AIM OF THE EXERCISE >> Produce an exact transcription of the listing below, omitting the pictures.

DATASET SECTION >>
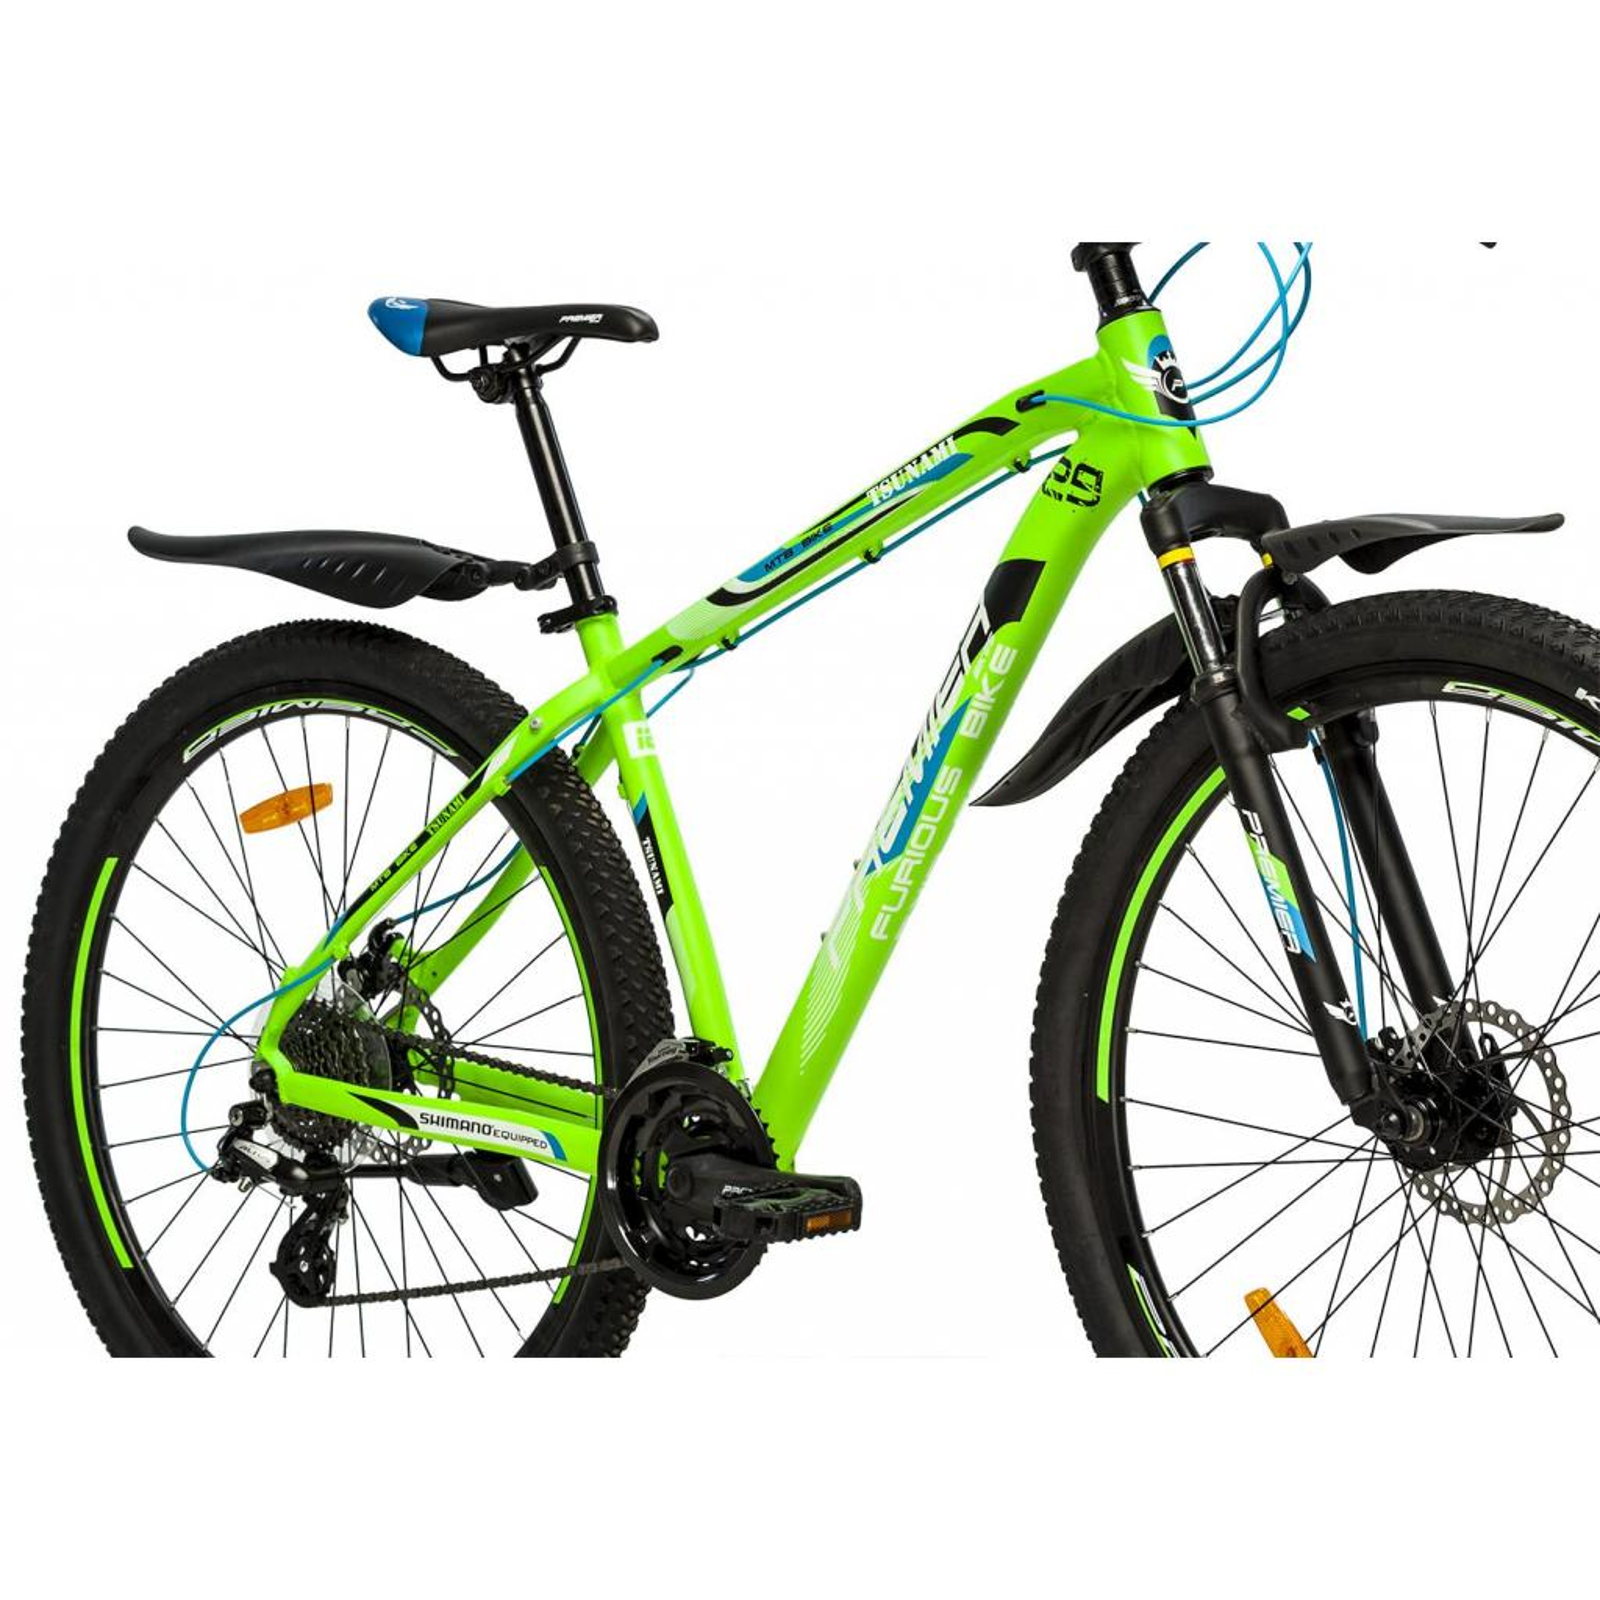 "Велосипед Premier Tsunami 29 Disc 17"" matt white (SP0001503) изображение 3"
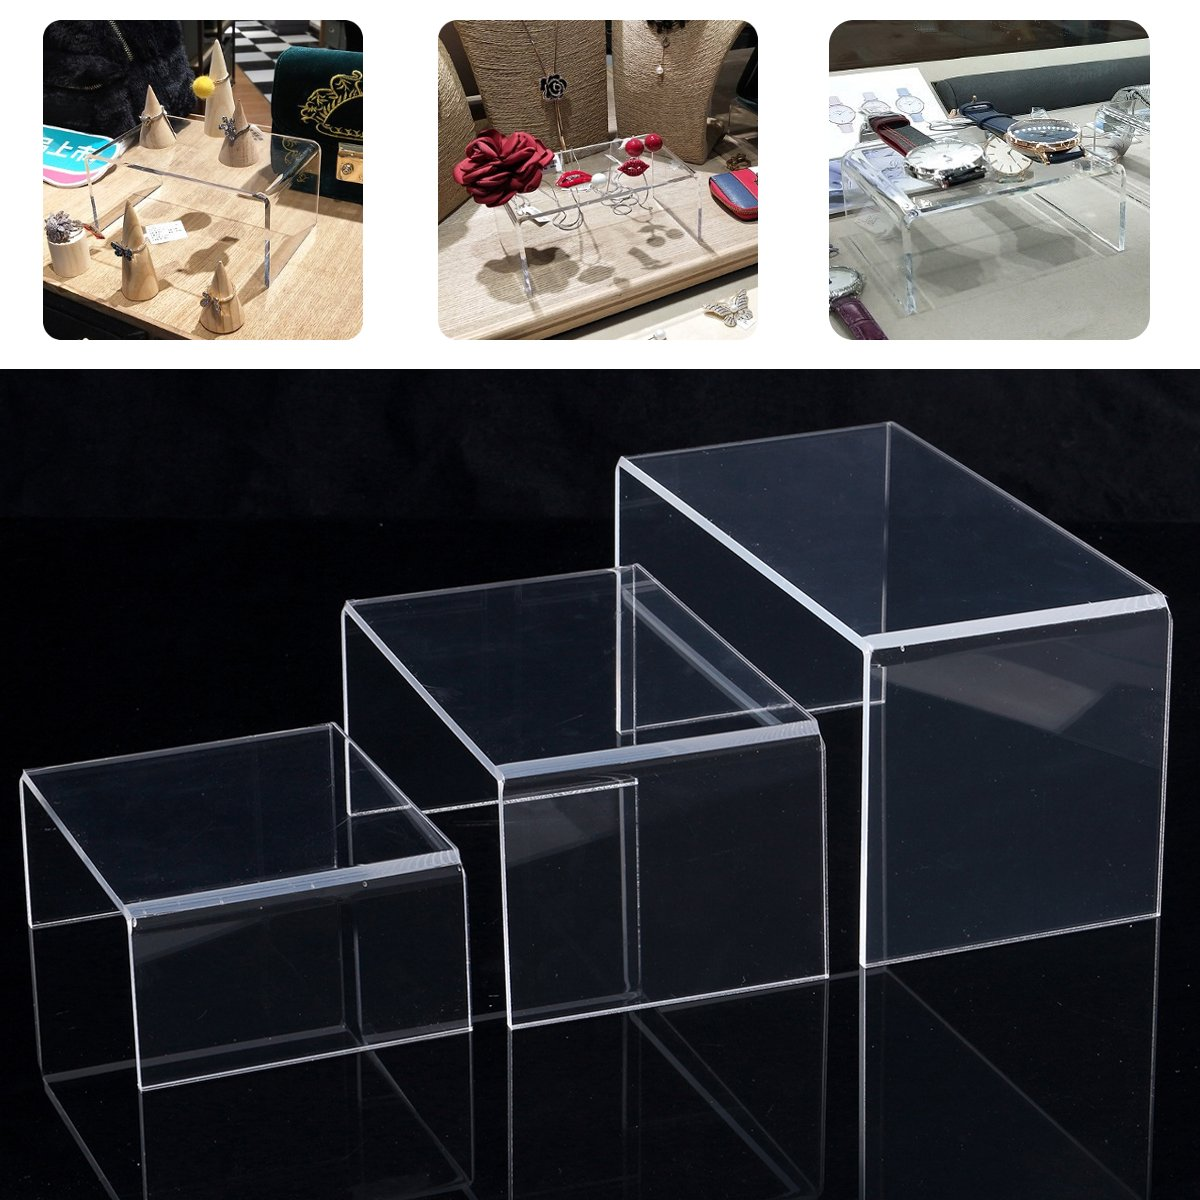 3pcs Acrylic Riser Display Shelf Removable Rack Display Stand for Figures
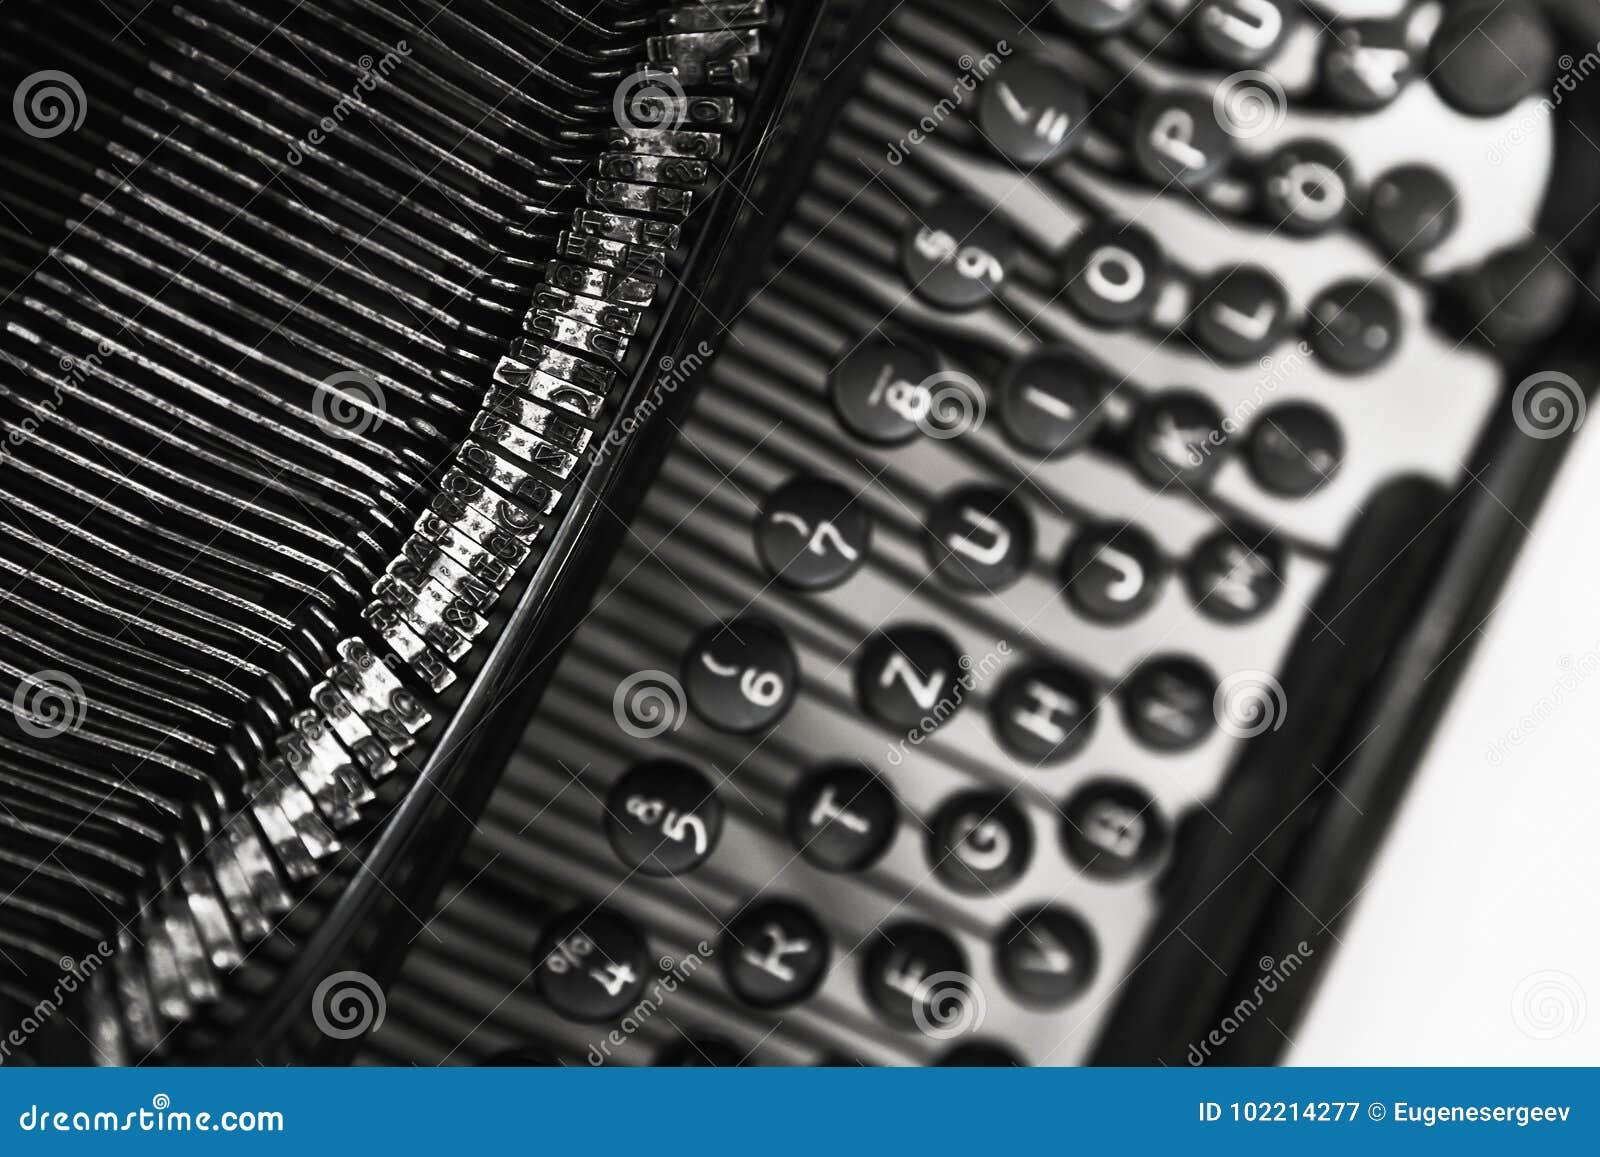 old manual typewriter machine close up stock image image of rh dreamstime com Close Up Lens for Photography Close Up Water Photography

SOLVED EXERCISE >>
 "Велосипед Premier Tsunami 29 Disc 17"" matt white (SP0001503) изображение 3"
 3pcs Acrylic Riser Display Shelf Removable Rack Display Stand for Figures
 old manual typewriter machine close up stock image image of rh dreamstime com Close Up Lens for Photography Close Up Water Photography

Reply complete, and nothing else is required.